OpenTelemetry Collector: Status Code 429 - the request has been rejected because the tenant exceeded the request rate limit

I am using OpenTelemetry Collector 0.104.0 (core distribution on Windows) to accept OTLP-pushes, and have configured it to send once per ten seconds:

receivers:
  otlp:
    protocols:
      grpc:

processors:
  batch:
    timeout: 10s

exporters:
  otlphttp:
    endpoint: https://otlp-gateway-prod-eu-west-2.grafana.net/otlp
    headers:
      Authorization: Basic ...token...

service:
  pipelines:
    metrics:
      receivers: [otlp]
      processors: [batch]
      exporters: [otlphttp]

Everything worked fine for some hours – until the sending application tried to push lots of measurements at once. Instantly, the collector logged the following in the Windows Event Log:

1.7204469686200826e+09	info	exporterhelper/retry_sender.go:118	Exporting failed. Will retry the request after interval.	{"kind": "exporter", "data_type": "metrics", "name": "otlphttp", "error": "Throttle (3s), error: rpc error: code = ResourceExhausted desc = error exporting items, request to https://otlp-gateway-prod-eu-west-2.grafana.net/otlp/v1/metrics responded with HTTP Status Code 429, Message=the request has been rejected because the tenant exceeded the request rate limit, set to 75 requests/s across all distributors with a maximum allowed burst of 750 (err-mimir-tenant-max-request-rate). To adjust the related per-tenant limits, configure -distributor.request-rate-limit and -distributor.request-burst-size, or contact your service administrator., Details=[]", "interval": "8.450550142s"}

Since then, nothing is getting pushed nor logged anymore! :sweat:

I am a bit confused. I thought the timeout setting would prevent exactly this situation? :thinking:

Any help appreciated! :slight_smile:

Your are sending every 10 seconds but batches are bigger => yo are more likely to reach limit 75 requests/s. I would go lower, e.g. 1s, 100ms to decrease probability of reaching of that limit.

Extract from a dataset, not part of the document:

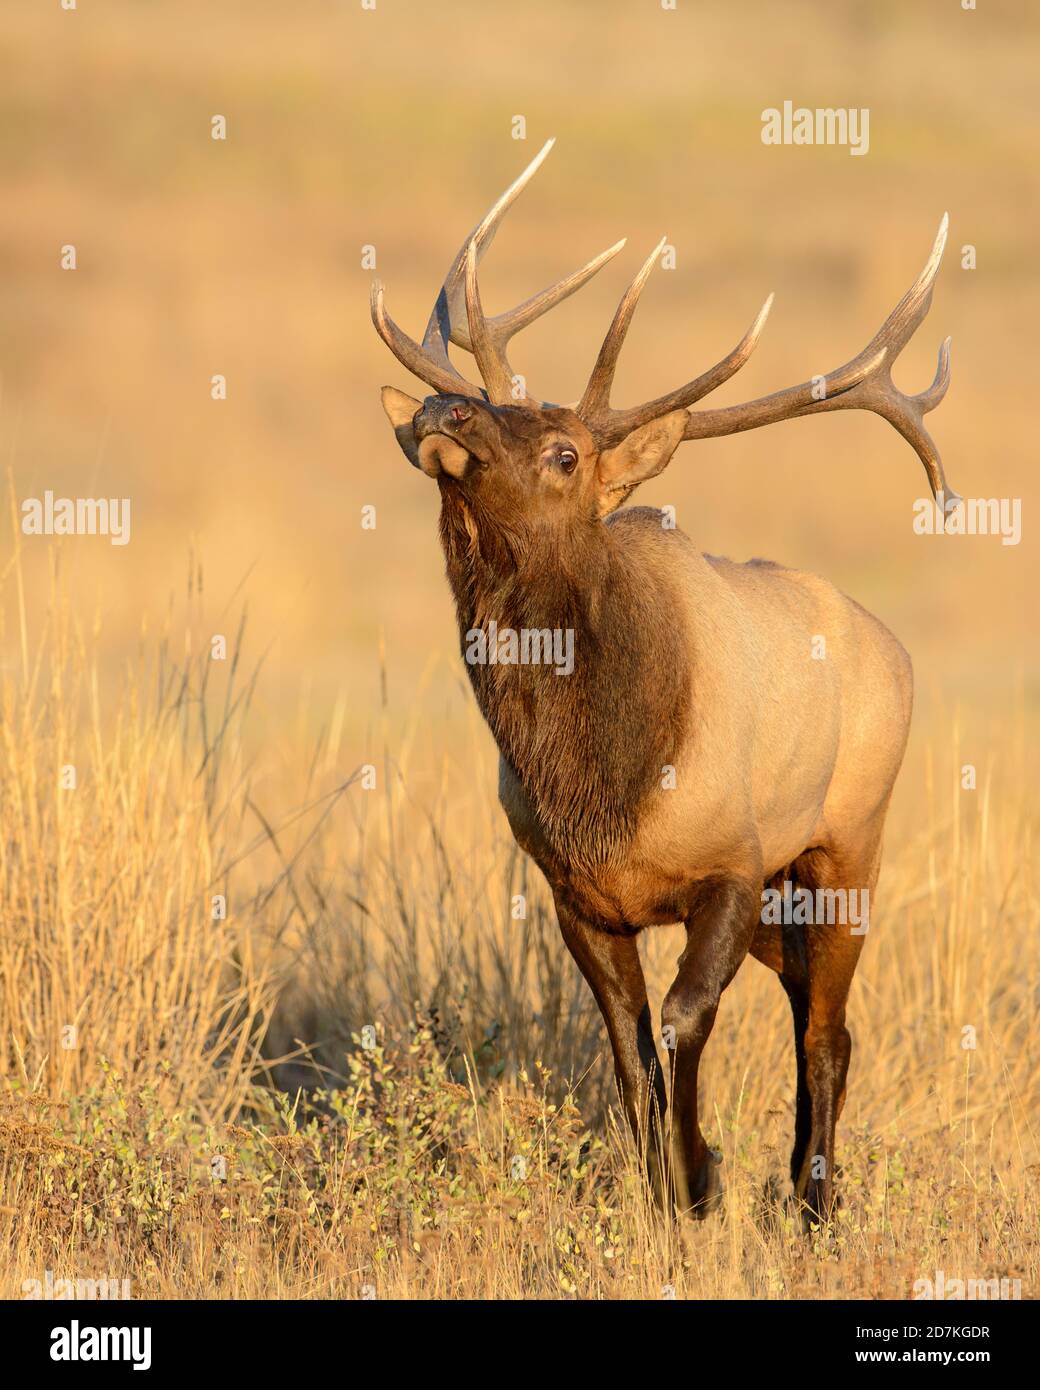 Bull elk (Cervus canadensis nelsoni) during the Autumnal mating rut, Western United States Stock Photo

Of course you can still reach that limit, but 429 is retryable error, so configure retries for your case and those limited records can be pushed later

Or try to contact your Grafana Cloud support and ask to increase that limit for your account. Maybe it’s configurable limit.

Jan, thank you for chiming in! :smiley:

Actually I do not understand your proposal. What Grafana Cloud actually complains about is not the number of measurings per second but the number of requests per second – which IMHO should be exactly 0.1 (once every 10 seconds). So going lower (I had no limit at all before => 200ms default limit of OTel Collector, but the problem was still there) would increase the number of requests per seconds, just lowering the number of measurings per second. Or maybe Grafana Cloud’s error message is simply wrong, saying requests where actually measurings?

As both, OTel Collector and Grafana Cloud are widely used these days, I also wonder why there is no clear and proven instruction how to configure OTel Collector to never hit the Grafana Cloud default limits?

I agree with your discoveries. But I would try my idea. That OTLP is just gateway, which may have own business logic, e.g. it breaks batch into individual points for scalability - so one request can be multiple requests after gateway. Contact your (paid) Grafana support if you want to be sure.

A lot of internals of Grafana Cloud is not published, so only they know how it works under the hood. For example they have tiers, each tier may have different limits (e. g. requests limits), instances may be moving between tiers based on the load,… so pretty complex setup. That’s probably also a reason why they didn’t publish recommended setup.

It seems this is a hard limitation of the free subsciption, which cannot get changed.

Unfortunately changing anything in the collector’s config helped fully - it reduces the number of such error messages, but it does not fully prevent them.

It seems we have to live with the fact that it is simply impossible to configure the collector in a way that really prevents this problem always. :frowning:

Try to play with prometheusremotewrite exporter and Prometheus/Mimir Grafana Cloud endpoint. Maybe batching will help there.

What’s your datapoint max/avg rate, which you need to ingest?

Actually I am seeking for some kind of “official solution”, not for “playing until it works randomly”. :wink:

In fact, the sole application pushing OTLP metrics to the OTel Collector runs once per Minute only, and returns a batch of just 62 metrics. Hence I assume the OTel Collector and or OTel JDK for Java scrape lots of information by default, which I have not checked yet.

Then only the support is the right place to ask.